In 2001, she left the Democratic Party and joined former Governor Froilan Tenorio in establishing the Reform Party, an affiliate of the American Reform Party. Governor Juan Babauta nominated Ogumoro to the Commonwealth Ports Authority board of directors in 2005.

==Second legislative terms==
In the 2009 general election, Ogumoro was elected to the House for a second tenure.

In the 17th Commonwealth Legislature, Ogumoro was chosen to serve as the Vice Speaker of the House. She succeeded Joseph Pinaula Deleon Guerrero who served in the position during the 16th Commonwealth Legislature. In her capacity as Vice Speaker, she served as Acting Speaker when Speaker Froilan Tenorio was off island. Francisco Santos Dela Cruz took over as Vice Speaker for the 18th Commonwealth Legislature.

Ogumoro was a member of the House of Representatives when Janet Maratita was sworn into office in 2011; the two women, alongside Teresita Santos, were the first three to serve simultaneously in the House. Among her areas of interest while in the House was a desire to create a Northern Marianas Cultural Center.

Originally elected as a member of the Covenant Party, Ogumoro chose to follow Governor Benigno Fitial to the Republican Party.
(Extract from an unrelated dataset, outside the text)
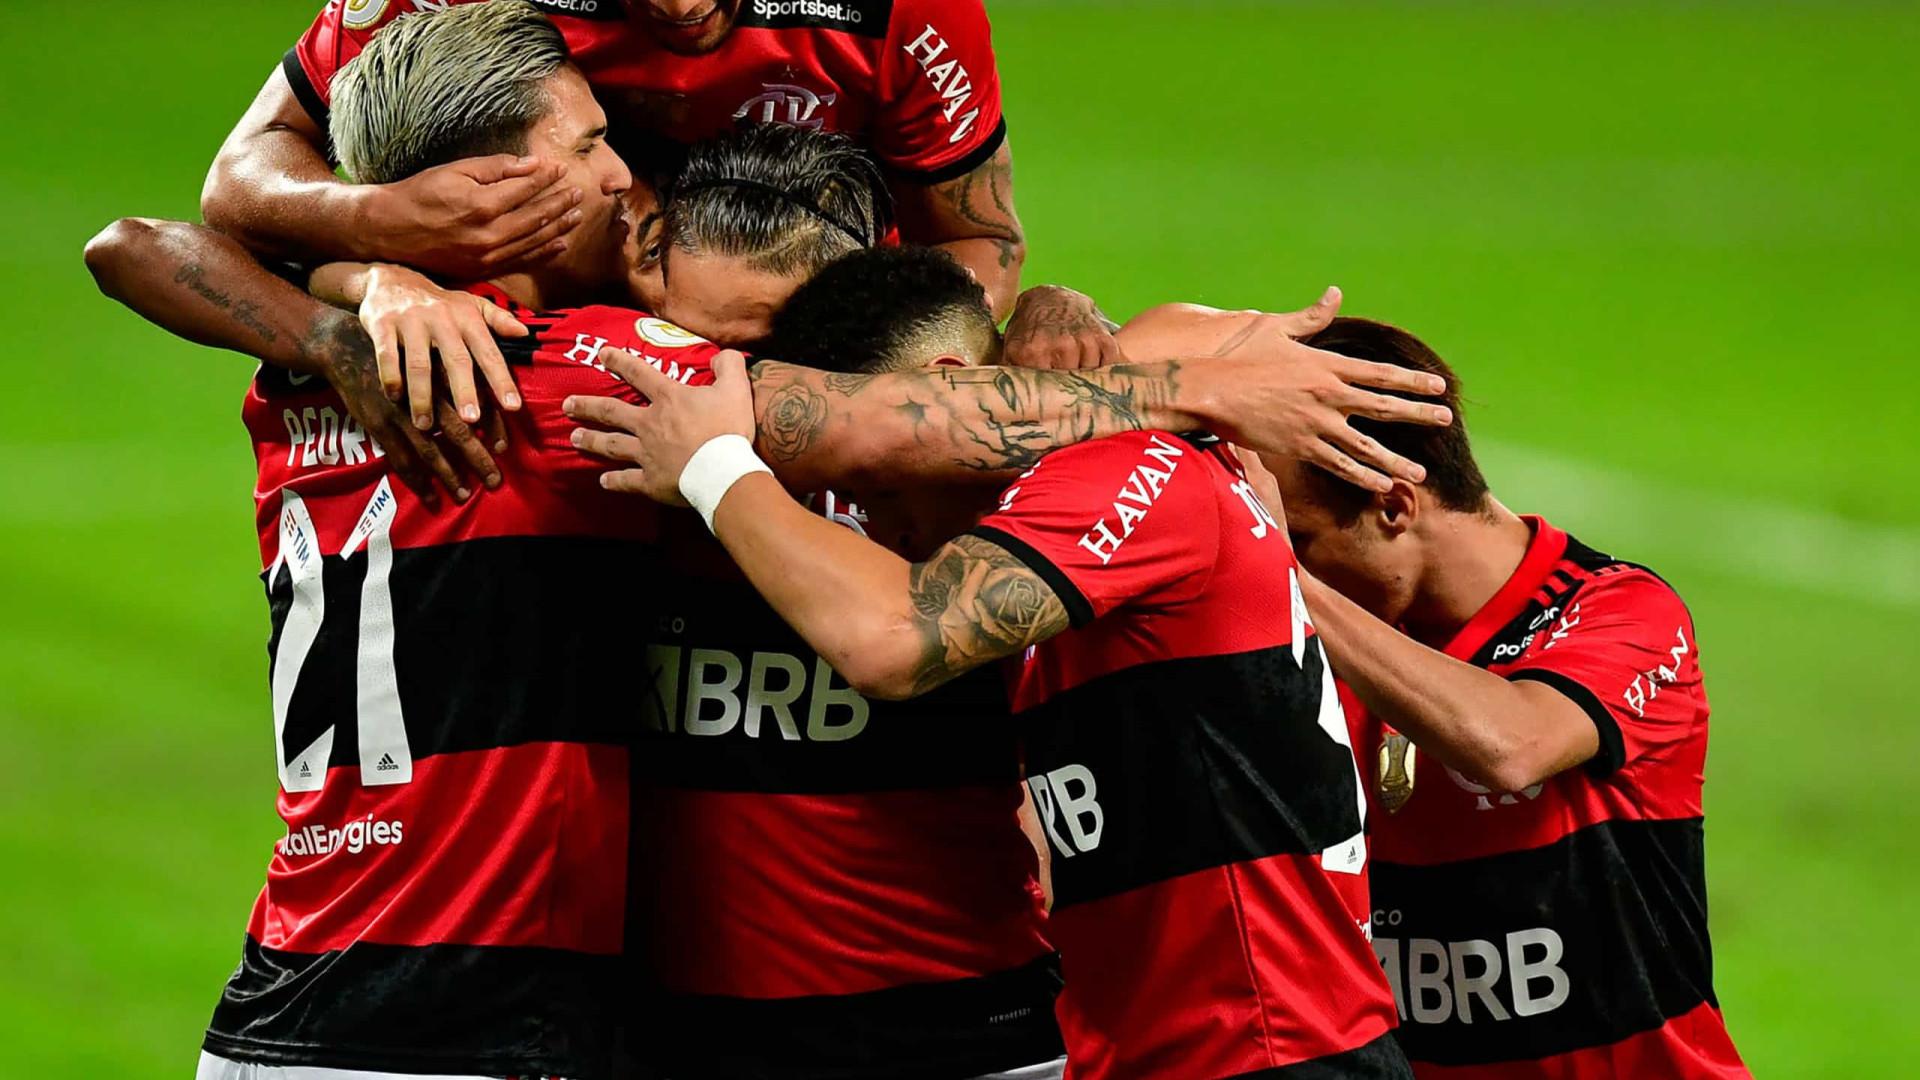 Libertadores: Flamengo decide vaga nas quartas com Defensa y Justicia

Ogumoro was one of four legislators to vote "no" on each article of impeachment against Fitial. Ogumoro was reelected in 2012 and 2014. Ogumoro opted not to run for reelection in the 2016 general election and retired after the 19th Commonwealth Legislature. After leaving the Legislature, Ogumoro was appointed to the advisory board of the Department of Public Lands.

==Death==
Ogumoro died in January 2024, at the age of 74.